Candidate regulatory roles for GWAS SNPs. (A) GWAS variant associated with platelet count is connected with the JAK2 gene (myeloproliferative disorders) 222 kb away. Below, ChIA-PET tags (36) validate direct chromatin interactions; red tags demonstrate an interaction between this DHS and the JAK2 promoter (red). (B) Proportion of DHSs harboring GWAS variants that can be linked to target promoters at the indicated distance. (C) Examples of allele-specific DNase I sensitivity in cell types derived from heterozygous individuals for GWAS variants that alter transcription factor recognition motifs within DHSs (also see table S9). Each cell type track shows DNase I cleavage density scaled by allelic imbalance at the GWAS variant and colored by variant nucleotide: blue (C), green (A), yellow (G), red (T). Total reads from each allele are also shown.

GWAS variants in DHSs frequently alter allelic chromatin state. Next, we examined how GWAS variants in DHSs were distributed with respect to transcription factor recognition sequences, defined with a scan for known motif models at a stringency of P < 10−4 (12). Of GWAS SNPs in DHSs, 93.2% (2874) overlap a transcription factor recognition sequence. We partitioned GWAS variants into 10 disease or trait classes, and then determined the frequency of GWAS variants associated with a particular disease or trait class that localized within sites for transcription factors independently partitioned into the same classes on the basis of gene ontology annotations (fig. S8) (12). This analysis revealed that common variants associated with specific diseases or trait classes were systematically enriched in the recognition sequences of transcription factors governing physiological processes relevant to the same classes.

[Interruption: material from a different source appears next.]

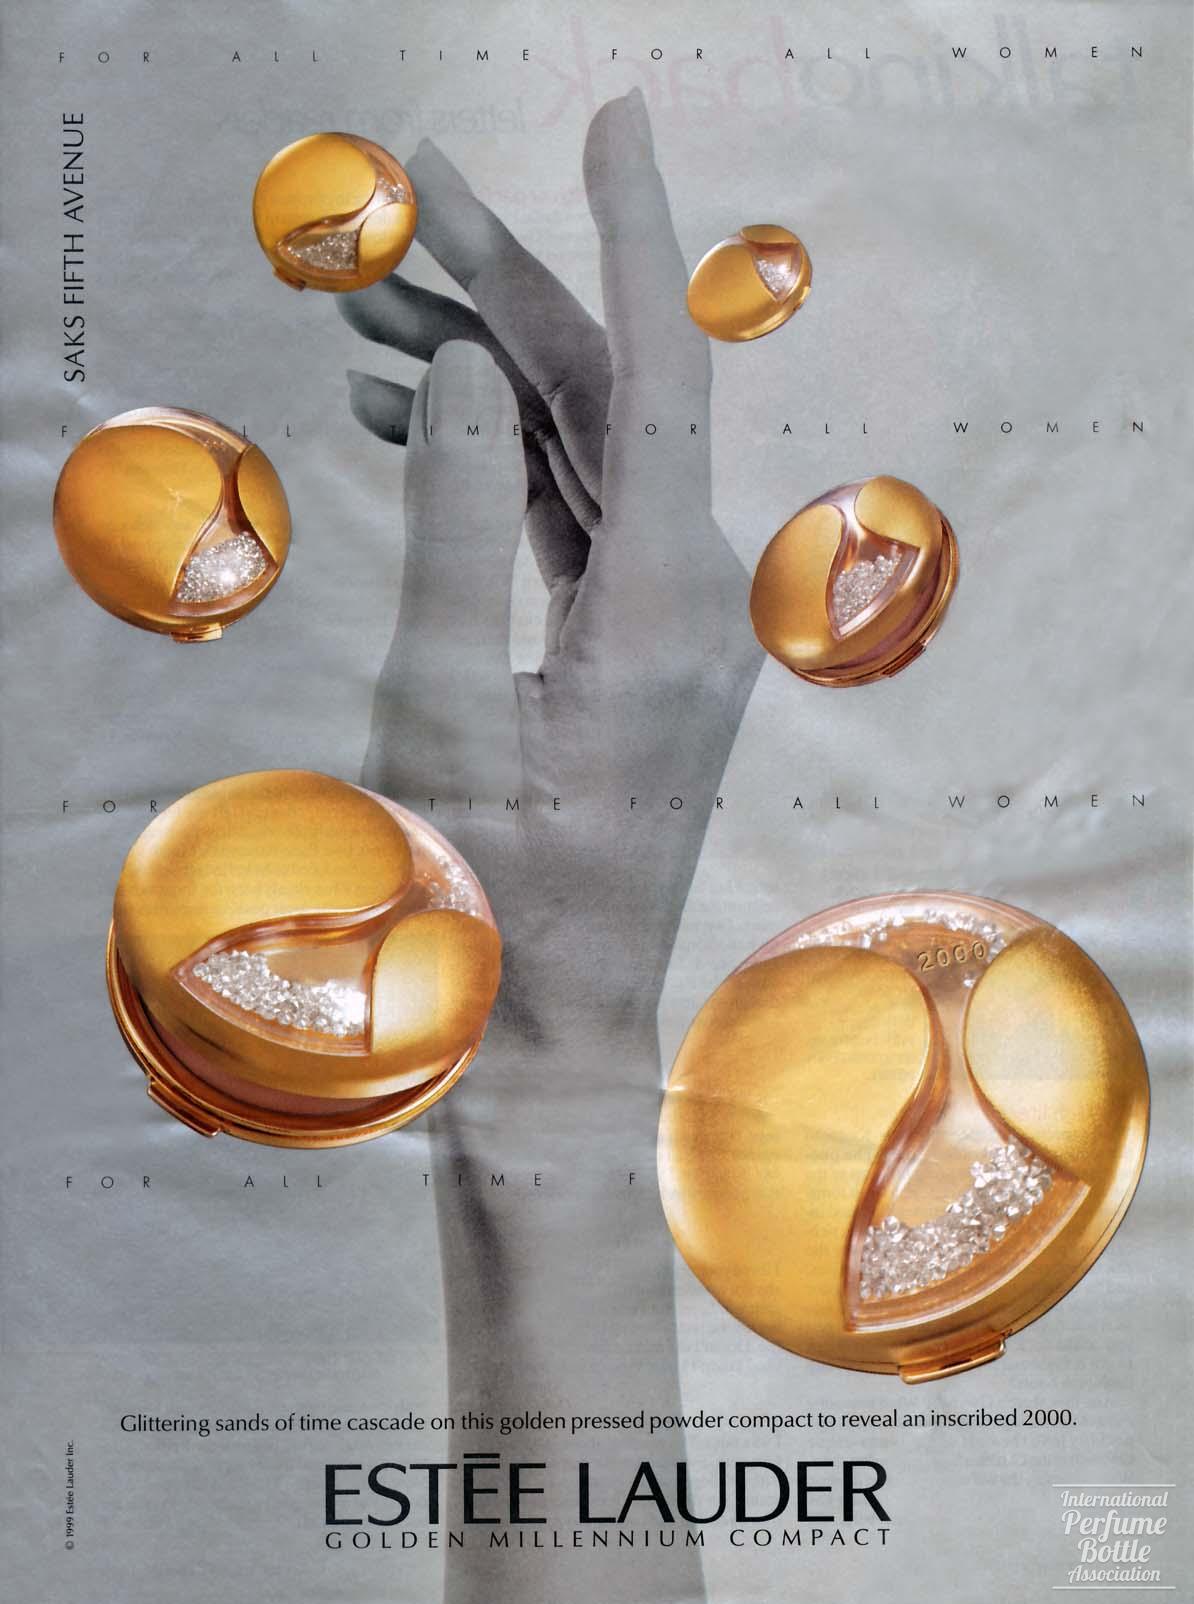 Golden Millennium Compact by Estée Lauder Advertisement - 1999
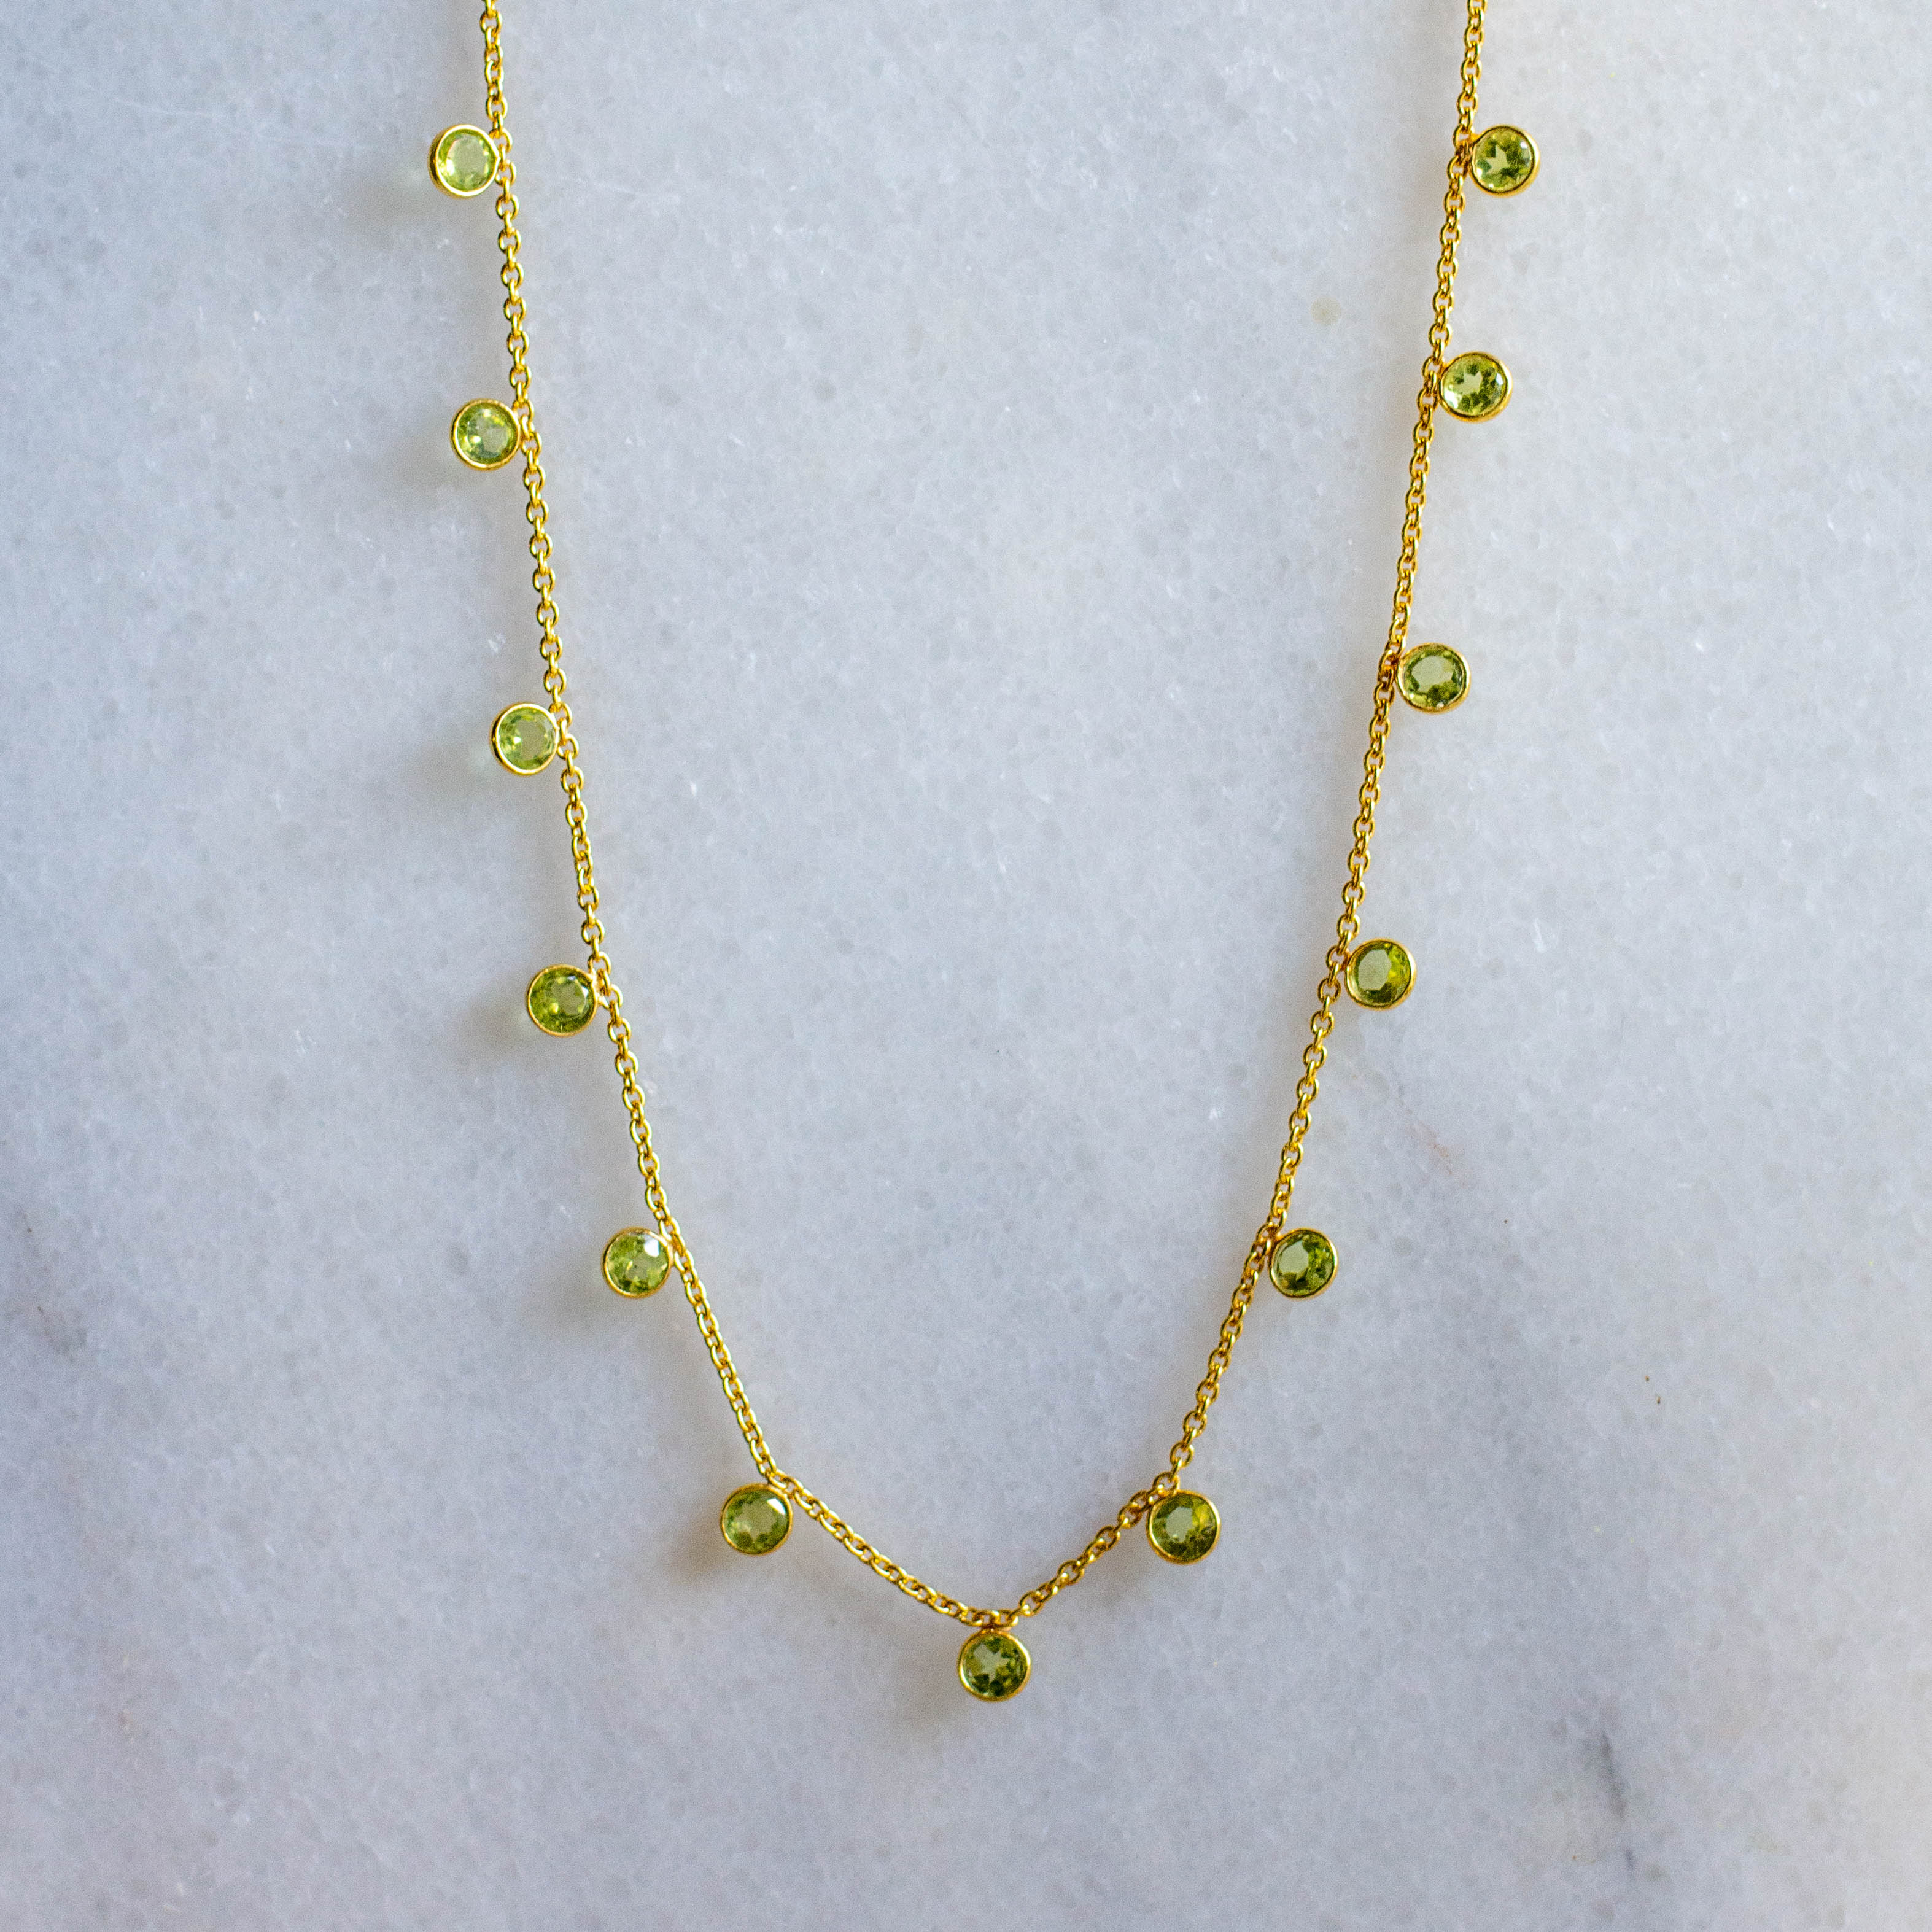 zaza gold necklace with peridot from memara

Functional variants that alter transcription factor recognition sequences frequently affect local chromatin structure. At heterozygous SNPs altering transcription factor recognition sequences, altered nuclease accessibility of the chromatin template manifests as an imbalance in the fraction of reads obtained from each allele (20, 21). As the concentration of sequence reads and highly overlapping read coverage results in an effective resequencing of DHSs, we could both detect cell types heterozygous for common SNPs and quantify the relative proportions of reads from each allele across all cell types (12). This imbalance is indicative of the functional effect of a particular allele on local chromatin state. We detected 584 heterozygous GWAS SNPs with sufficient sequencing coverage, of which 120 showed significant allelic imbalance in chromatin state [at a false discovery rate (FDR) of 5%]. We identified sites where regulatory variants were associated with allelic chromatin states, with the predicted higher-affinity allele exhibiting higher accessibility (Fig. 2C). In nearly 50% of cases, the magnitude of imbalance was >2:1 (fig. S9). The GWAS SNPs were the sole local sequence difference between haplotypes, indicating that disease-associated variants are responsible for modulating local chromatin accessibility. Further, at sites with very high sequencing depth (>200×), 38.7% (53/137) show significant allelic imbalance (FDR < 5%). As sensitivity to detect allelic imbalance is governed by sequencing depth, this suggests that nearly 40% of GWAS variants in similarly sequenced DHSs would be expected to show allelic imbalance.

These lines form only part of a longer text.